Из зала, отдуваясь, явился Апраксин, поправил криво сидящий парик, вопросительно взглянул на царя. Тот ему кивнул. Мимо, через сени, прошли в накинутых плащах капитаны Змаевич, Броун, Иванков.
— С богом, с богом! — проворчал Петр Федору Матвеевичу. — Пора!
Он проиграл партию Арескину; морща лоб, прошелся по зале. Внизу, в столовом покое, дамы с кавалерами ели отварную солонину с гречневой кашей, пили пиво, ром, водку. Трубы и литавры, гобои и флейты теперь гремели в сенях первого этажа. Места на всех сразу не хватало, на ассамблеях повелось ужинать в две перемены.
Заметив Иевлева, появившегося в зале, Петр спросил:
— А тебе к месту не пора?
— После тебя, Петр Алексеевич.
— Ты что, Сильвестр, то весел был, а сейчас ровно бы муху проглотил?
Иевлев улыбнулся, синими глазами прямо посмотрел на царя.
— Говори!
— Дочку просватал, Петр Алексеевич!
— Оно когда же сделалось?
— Нынче, государь.
— Одну?
— Одну.
Петр внимательно вгляделся в Иевлева, спросил:
— Кто ж нареченный?
— Флота гардемарин Иван сын Иванович Рябов.
Царь все еще смотрел на Сильвестра Петровича своим тяжелым взором. Потом вдруг сказал:
— А слышали мы еще про намерение капитан-командора Калмыкова…
— Было сие намерение, — ответил Сильвестр Петрович, — но не встретило оно надлежащего одобрения от дочери моей Веры Сильвестровны. За всеми теми событиями супруга моя и посейчас в опочивальне кислую соль нюхает…

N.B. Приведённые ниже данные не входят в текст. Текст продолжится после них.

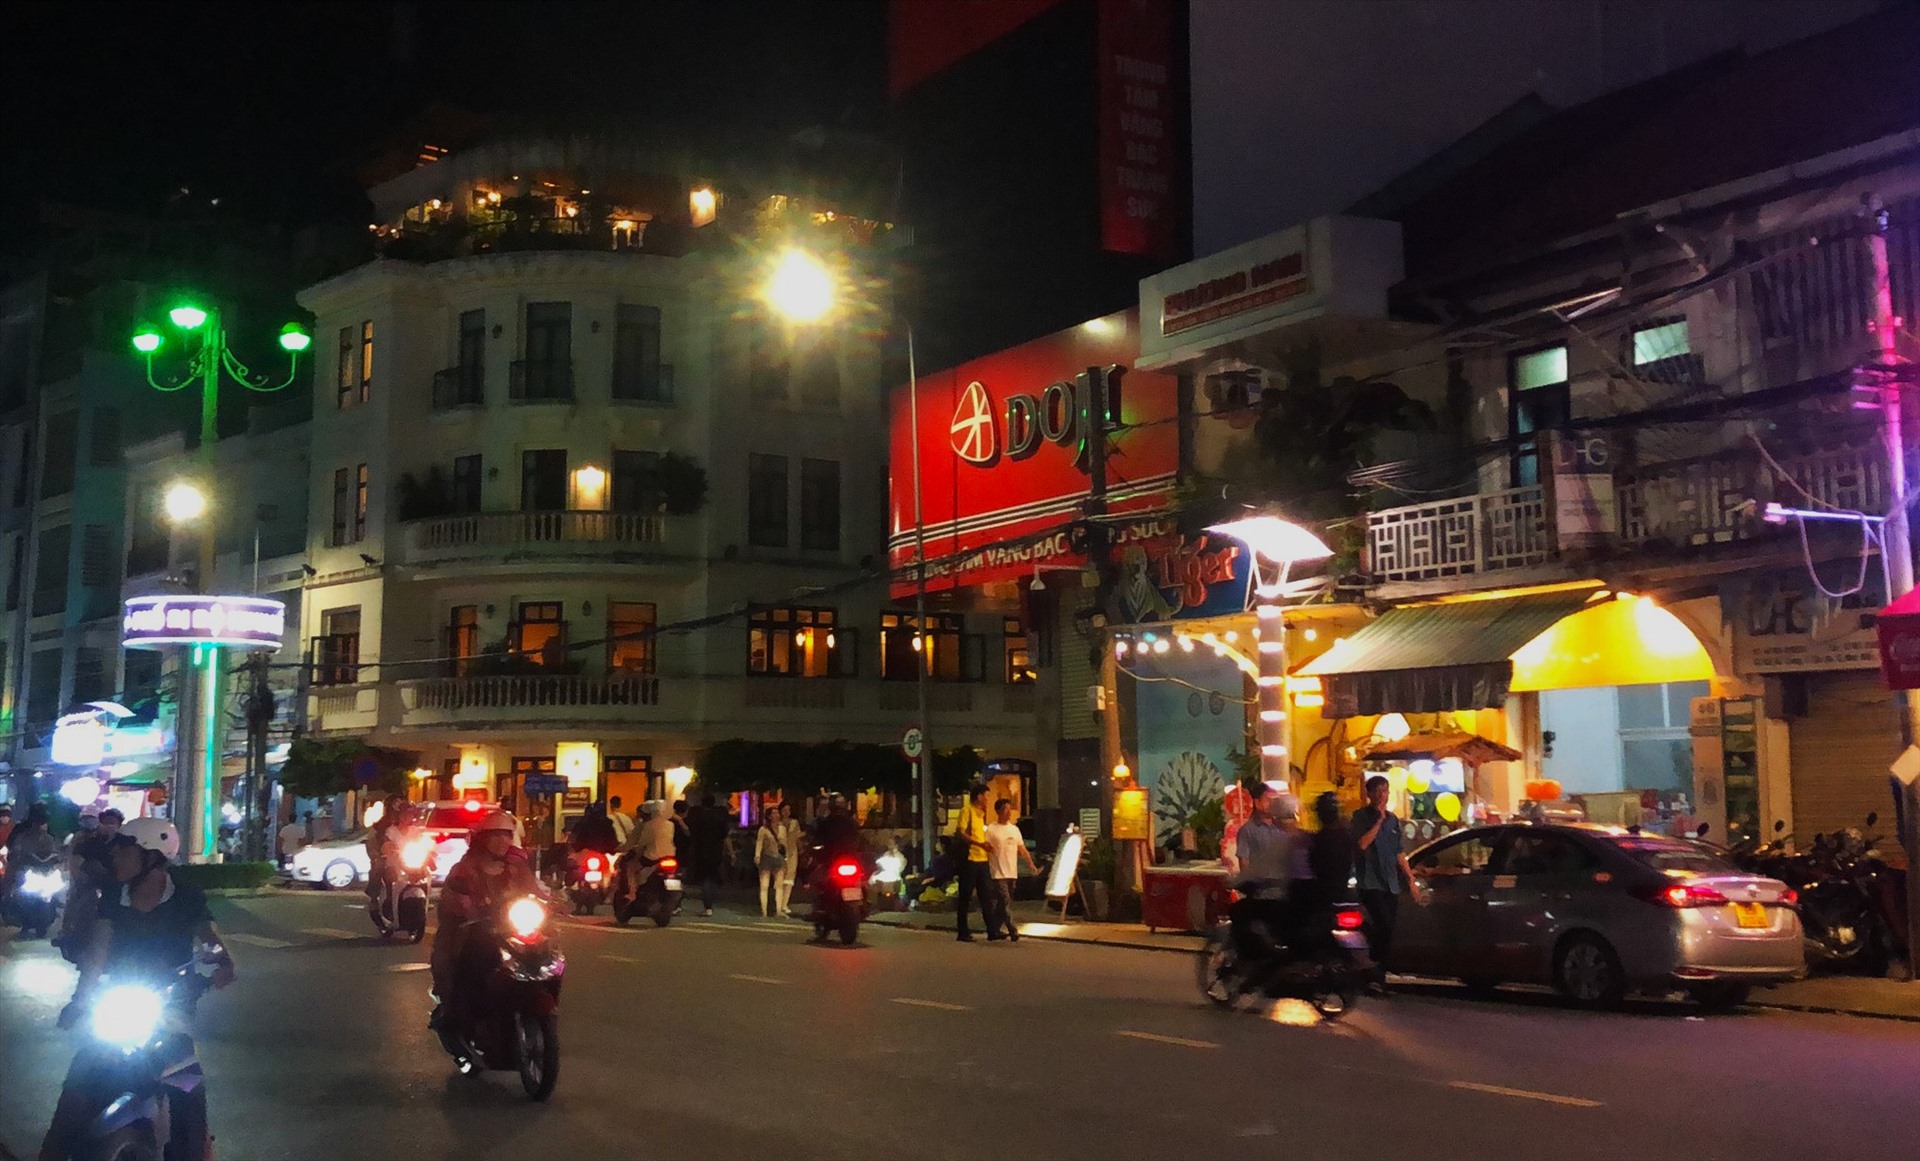 Theo ghi nhận, khoảng 22 giờ Bến Ninh Kiều vẫn còn khá đông du khách. Ảnh: Bích Ngọc

Петр, морща нос, с усмешкой сказал:
— Небось, кислую соль не нюхала, когда я в стародавние годы в усадьбе покойного окольничего ее за тебя высватал. Евино племя! Свадьба-то скоро?
— Как возвернемся!
— То-то, что как возвернемся.
И, словно позабыв про Иевлева, опять стал ходить, выставив плечо вперед, по опустевшей зале.

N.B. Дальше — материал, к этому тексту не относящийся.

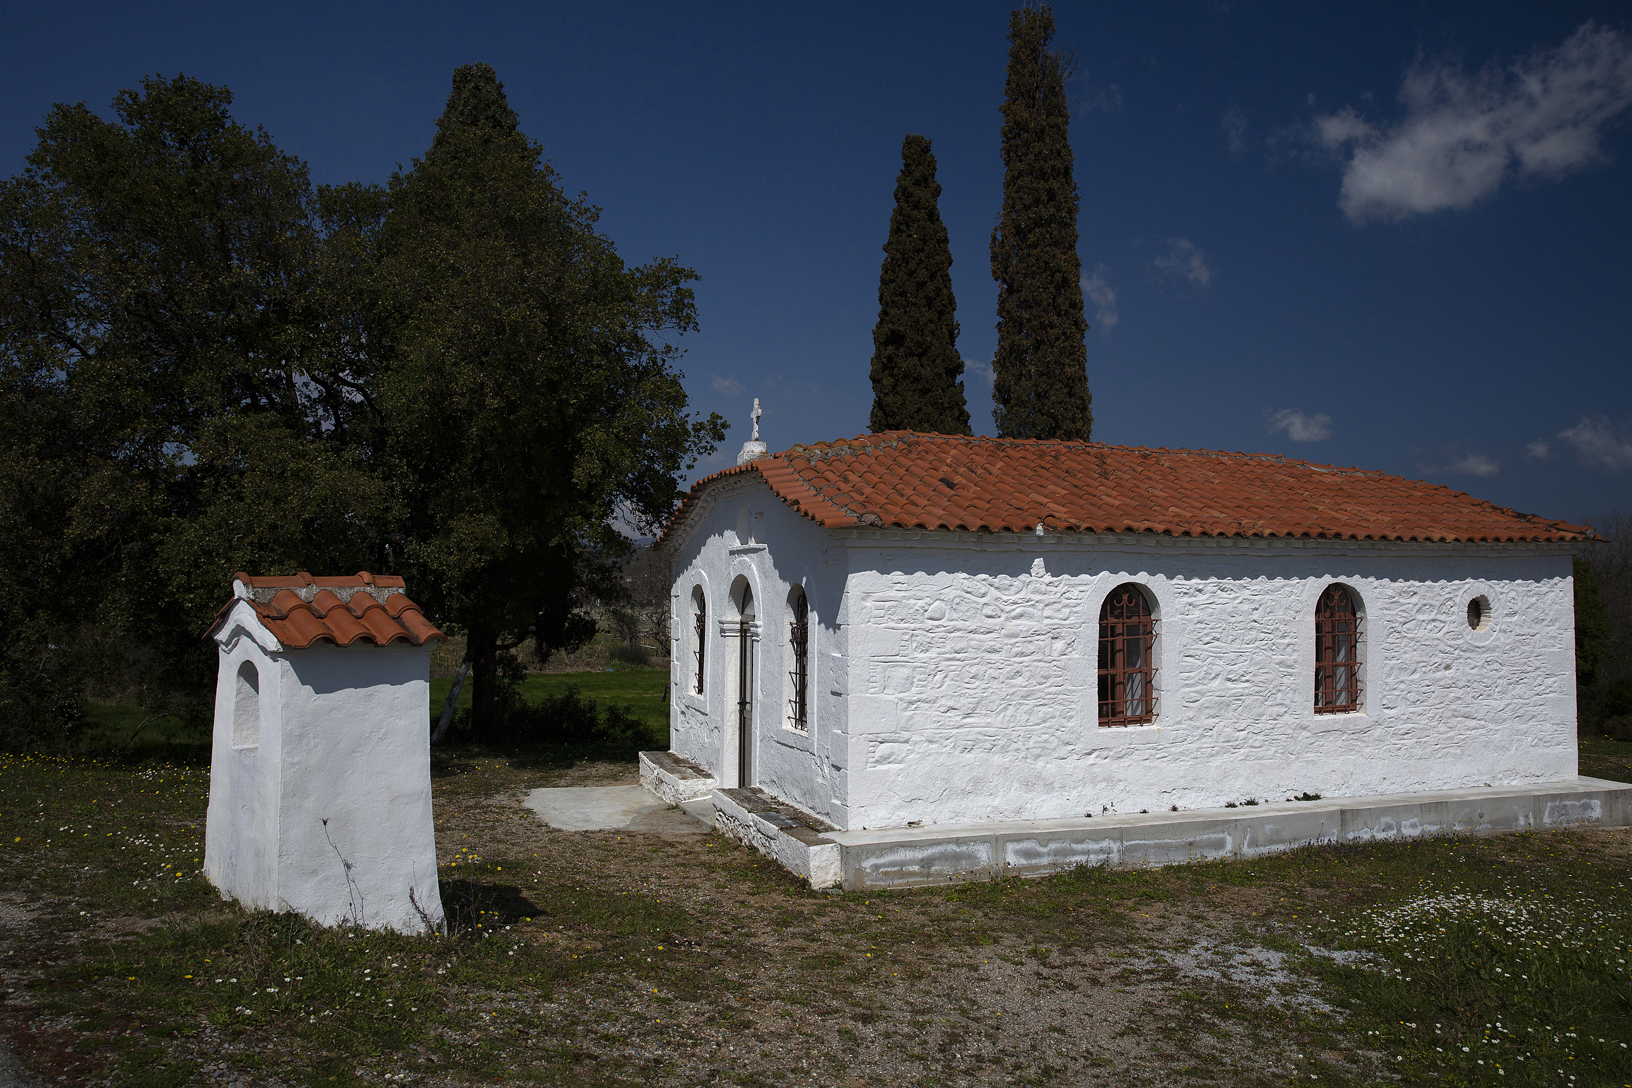 Άγιος Κωνσταντίνος, χωριό Μονόδρυ. Φωτογραφία: ©Βασίλης Συκάς, για τον Δήμο Κύμης-Αλιβερίου

На рассвете все Российского флота моряки, бывшие давеча на ассамблее у Иевлева, прибыли в Кроншлот. Здесь, в глиняной низкой хибаре коменданта крепости, более часа заседал военный совет. Двадцатого мая, когда взошло солнце, на корабле «Святой Антоний» взвился государев штандарт и рявкнула пушка. Оба флота, корабельный и галерный, — около ста пятидесяти вымпелов — под треск барабанов и пение труб двинулись в далекий, трудный и опасный поход. Корабли и галеры шли медленно: плавающий лед в Финском заливе сильно затруднял движение армады. Дули противные ветры. Иногда вдруг начинал крутиться снежный вихрь, среди бела дня все серело, меркло, снасти обмерзали, галеры и корабли едва двигались, опасаясь столкновения, надрывно, протяжно били сигнальные колокола, гудели рога.
Генерал-адмирал Апраксин почти не покидал юта «Святого Антония». Здесь он и ел нехитрую походную пищу, здесь и спал в поставленных для него креслах. Постаревший, обрюзгший, с мешочками под светлыми глазами, он говорил Сильвестру Петровичу на исходе почти месячного морского пути:
— То — разумно, Сильвестр. Время кончать. Была битва при Лесной, была великая Полтавская виктория, пал Выборг, многое можем мы вспомнить, а нужен нам мир. Мы свое взяли — древлий наш путь из варяг в греки, на свое море вышли. Бешеный их король сего не понимает. Так вынудим его, вырвем у него мир силою. Ныне на нашем флоте идет двадцать четыре тысячи десантной пехоты — преображенцы, семеновцы, московского полка солдаты, вологодского, гренадерского — добрые вояки, понюхавшие пороха. И флот подлинный, не тот, чем на Переяславле воевали. Надлежит нам наконец разбить шведские эскадры на воде, уничтожить их корабли и выйти к Стокгольму, к сей кузне зла и горя. Пусть там господа шведские министры поймут — пора замиряться, Россия вышла на свое море, более ее сухопутной державой никому не сделать, в степи, в леса Русь не загнать…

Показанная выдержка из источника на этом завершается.